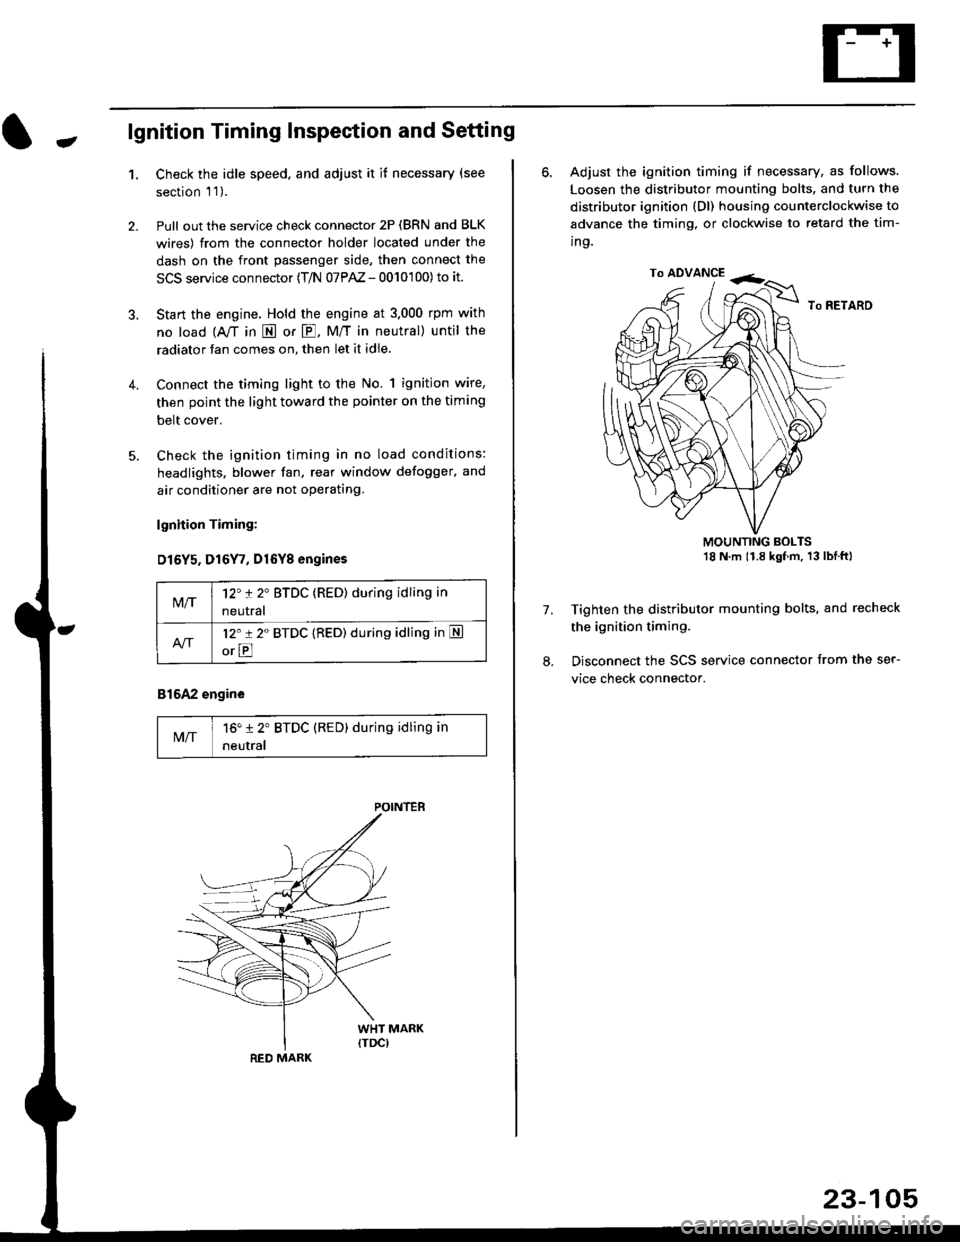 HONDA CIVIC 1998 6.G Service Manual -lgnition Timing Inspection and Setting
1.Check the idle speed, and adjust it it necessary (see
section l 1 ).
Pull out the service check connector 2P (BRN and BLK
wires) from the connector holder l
------------------------------------
Each entry above must come back exactly as written. Drop the images.

REPLY TO THE TASK ▸
 HONDA CIVIC 1998 6.G Service Manual -lgnition Timing Inspection and Setting
1.Check the idle speed, and adjust it it necessary (see
section l 1 ).
Pull out the service check connector 2P (BRN and BLK
wires) from the connector holder l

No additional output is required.